HSV-tk + ganciclovir gene therapy demonstrated significant growth suppression of the local tumor and survival advantage when compared with controls [19]. Increased areas of necrosis, increased numbers of apoptotic bodies, and extensive immunocytic infiltration relative to controls were noted to accompany HSV-tk + ganciclovir cytotoxicity [19]. In contrast, transfer of systemically directed gene therapy to the orthotopic prostate was found to be ineffective, due to the clearance of the virus from the circulation by the immune system and to the natural affinity of the virus for respiratory and hepatic tissues [28, 29].
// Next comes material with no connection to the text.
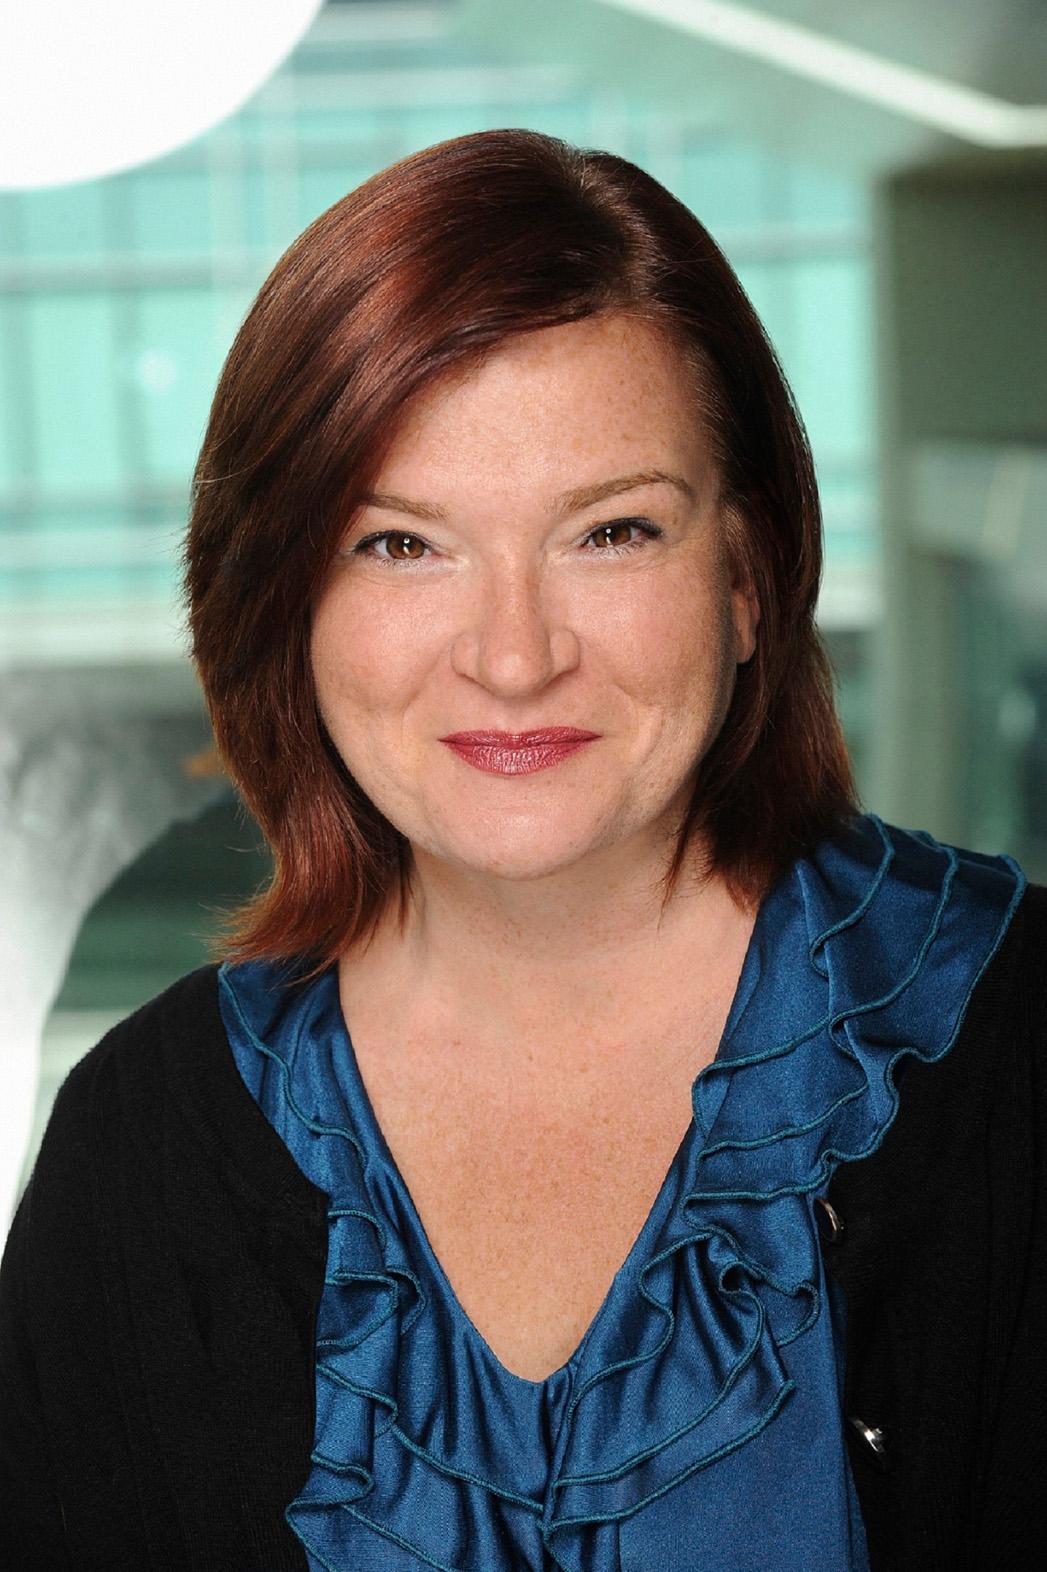 Tara Flynn Headshot - P 2014

When mice were sacrificed, their lungs were also examined carefully for any metastatic disease. HSV-tk + ganciclovir gene therapy significantly decreased the number of pulmonary metastatic lesions when compared with controls. To further confirm the antimetastatic effects of gene therapy, we created an induced metastatic prostate cancer model by injecting RM-1 cells into the tail veins of the mice in addition to the subcutaneous injection. The intratumoral injection of HSV-tk and intraperitoneal injection of ganciclovir were performed as previously stated. Marked suppression of the induced lung metastatic lesions was achieved with the in situ gene therapy compared with controls [30]. The most likely explanation for the antimetastatic activity was the induction of an antitumor immunity by HSV-tk + ganciclovir gene therapy. Other possible explanations include the release of an antiangiogenic substance, targeting of angiogenesis, and killing of premetastatic cells.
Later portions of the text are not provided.